Can you give an example of the kind of bug you expect to see?



Sure, i'll stick to bugs invisible with the library, and visible without it:

If you've inserted compiler barriers it can't move code across, the compiler will no longer perform the same optimizations with and without your debug library.

Those optimizations often make bugs visible, because variables no longer have the value you expect them to at the time you expect it, etc.

Add in threads, and the problem gets worse:

http://preshing.com/20120515/memory-reordering-caught-in-the...

Look at the behavior this has with and without the barrier. It's buggy without it. With it, it's fine.

This is exactly equivalent to:

Without the debugging library, the code is clearly buggy and doesn't work in user-visible ways.

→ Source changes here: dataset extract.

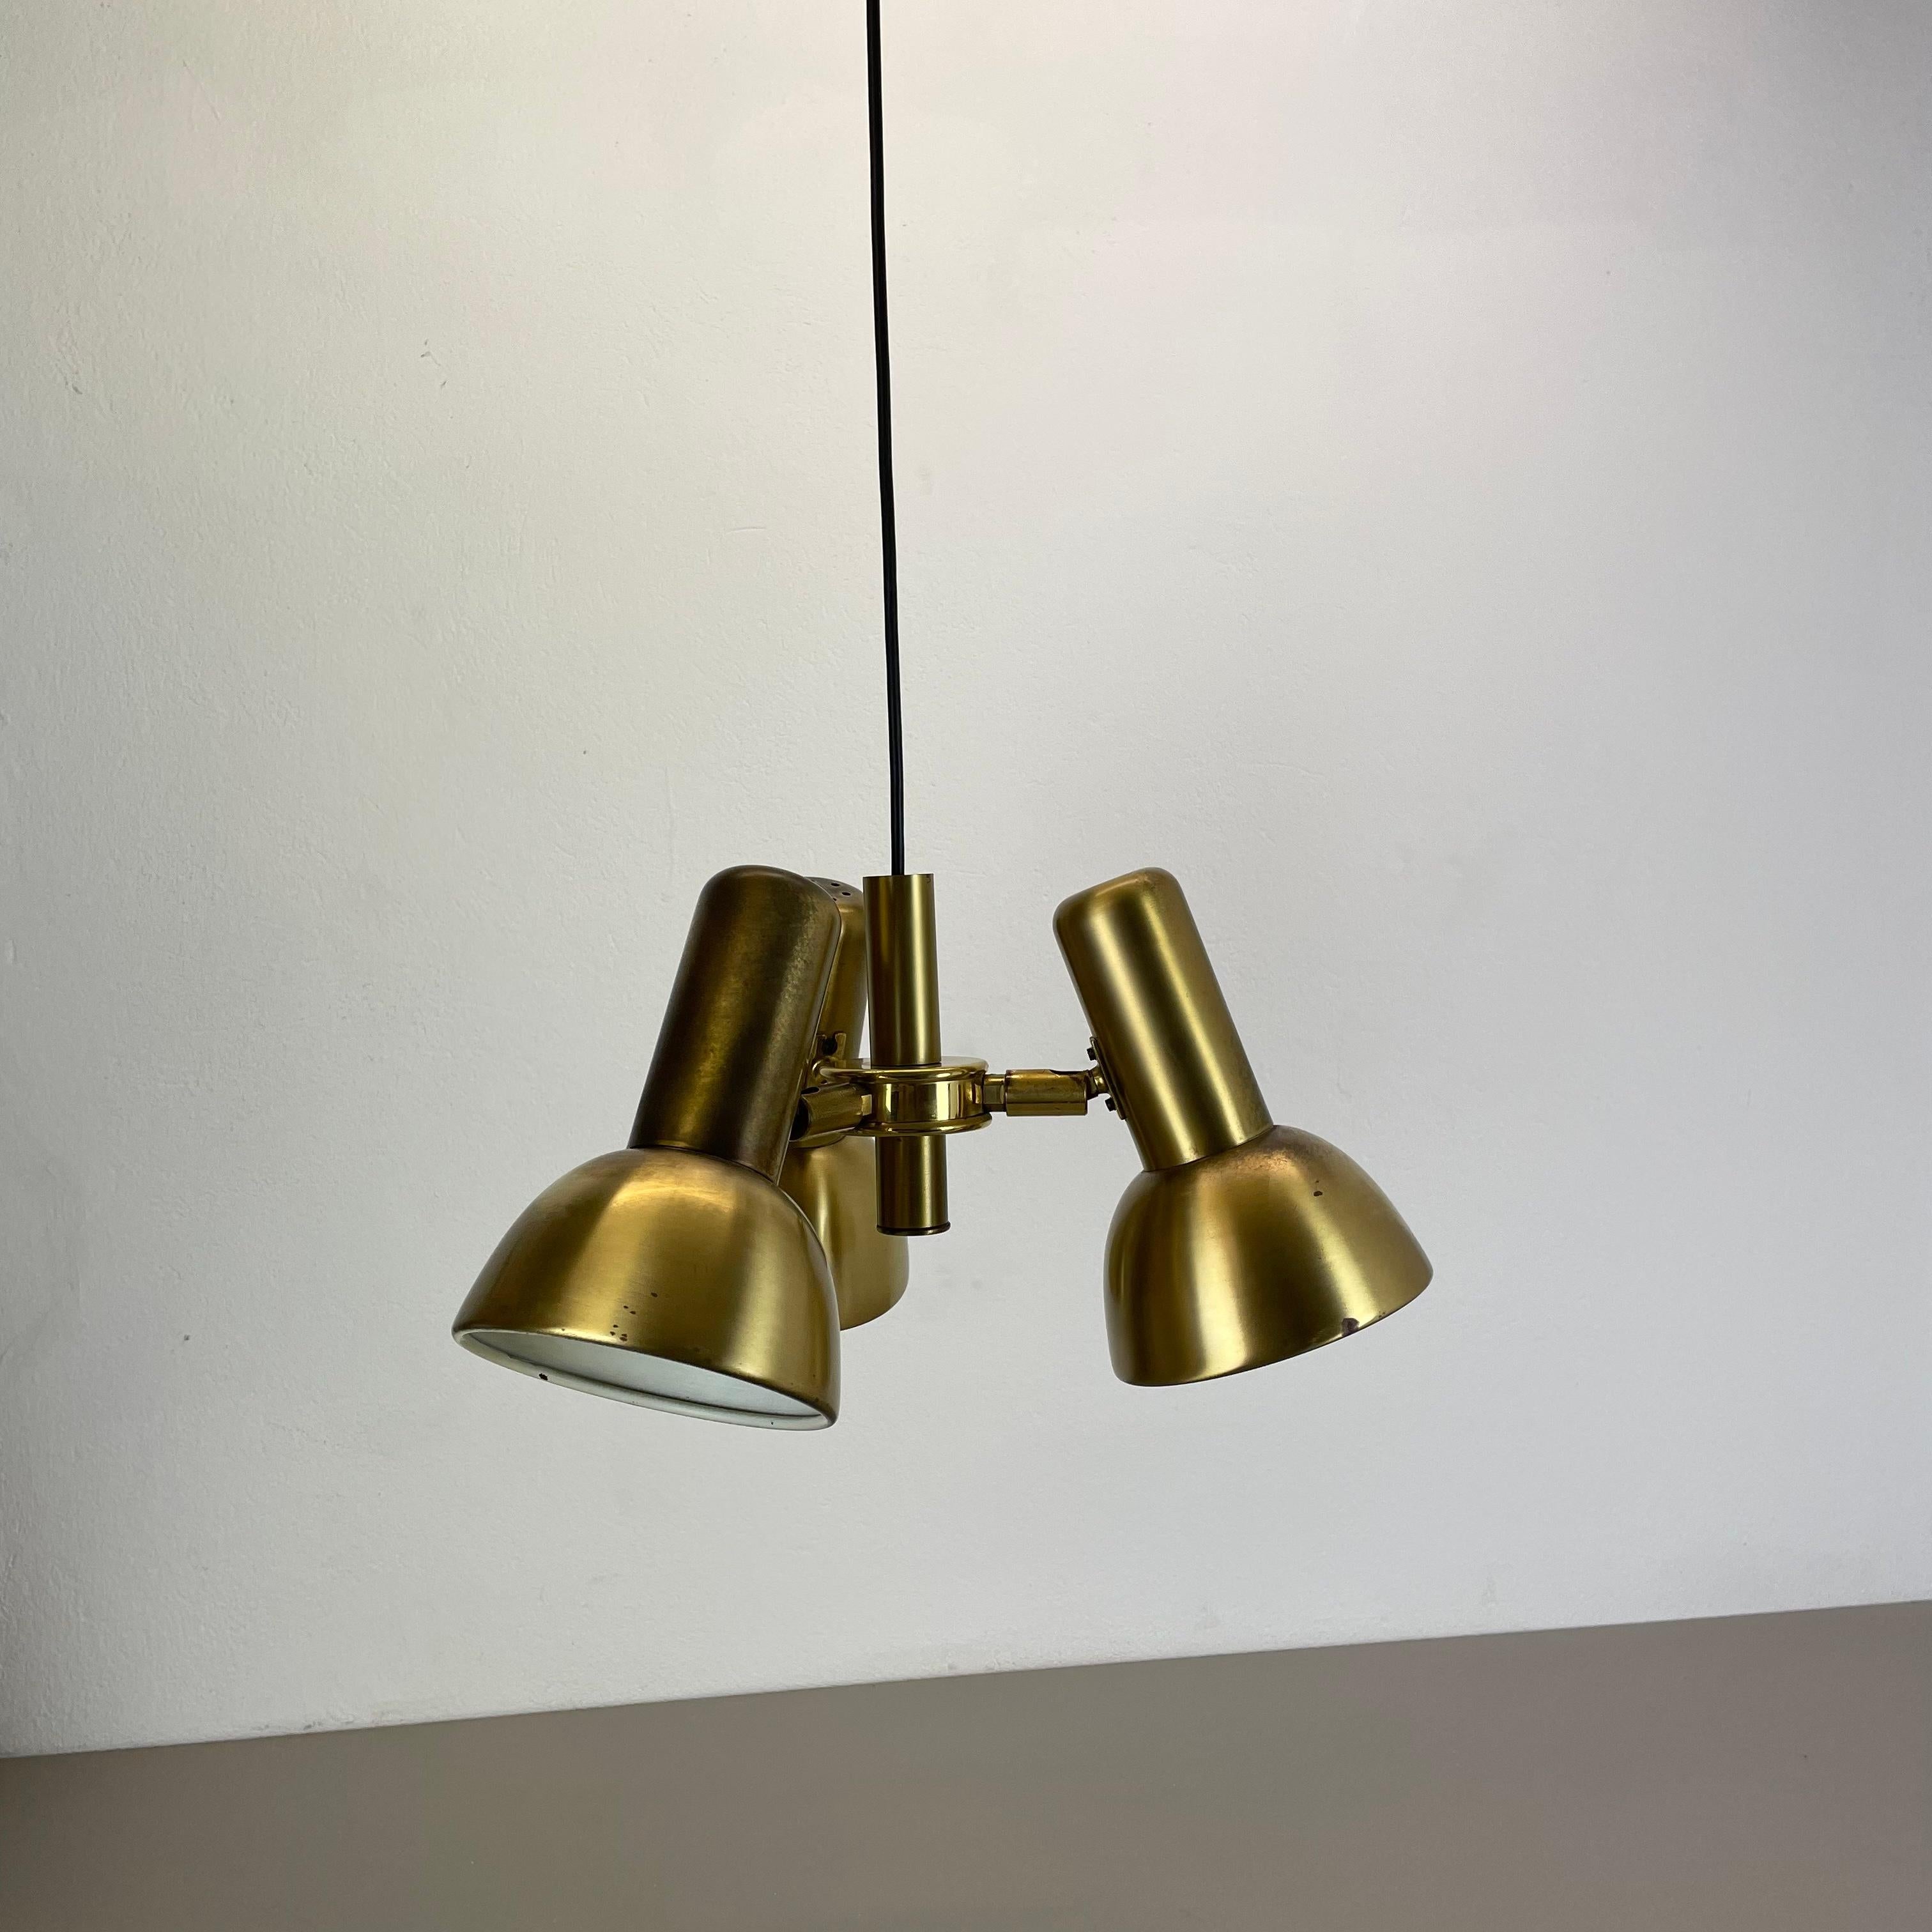 3-Spot Brass Tone Hanging Light Koch and Lowy Style OMI Lighting, Germany, 1970 For Sale 1

With the debugging library, if i insert a breakpoint where the current asm barrier is, it now behaves correctly 100% of the time, even though it's broken.


say you have:

    x = 1
    x = 2
    bar()
You set a breakpoint on the call to bar and examine the value of x. You would expect it to be 2, but what if the compiler had decided to move the allocation of x = 2 to after the call to bar? There's no reason why it shouldn't. You'd then see x = 1, which would confuse you.


Thanks for the concrete example. The transformed source code that would get compiled for this example looks like:

  scope.Declare("x", &x)
  godebug.Line(ctx, scope, 3)
  x = 1
  godebug.Line(ctx, scope, 4)
  x = 2
  godebug.Line(ctx, scope, 5)
  bar()
The value of x is visible to all of the godebug.Line calls, so the compiler should know that it can't move x = 2 to after the call to bar.


Right, but now you have the opposite problem. Let's say that before the compiler could move x=2 after bar (let's assume bar does not touch x).

Now, in your world, it can't.

So before, you would have seen x=1 in the call to bar, and now when you use the debug library, you will see x=2.


But it's not really material, because bar doesn't touch x (and if it did, this problem wouldn't exist to begin with).

In other words, it might be a bit strange and cause a slight detour in your quest to discover the cause of a bug, but it wouldn't actually change any behavior or cause any issues.


Your argument is essentially: The barriers you insert, even if they block optimization, will never block optimization in a way that changes behavior. This is demonstrably false, since you are, among other things, taking the address of a variable, which means escape analysis won't do things to it, etc.

You can argue "The behavior it changes doesn't matter". As i've shown, 1. it does in a threaded environment (like, you know, go) 2. It depends on whether your code is buggy or not.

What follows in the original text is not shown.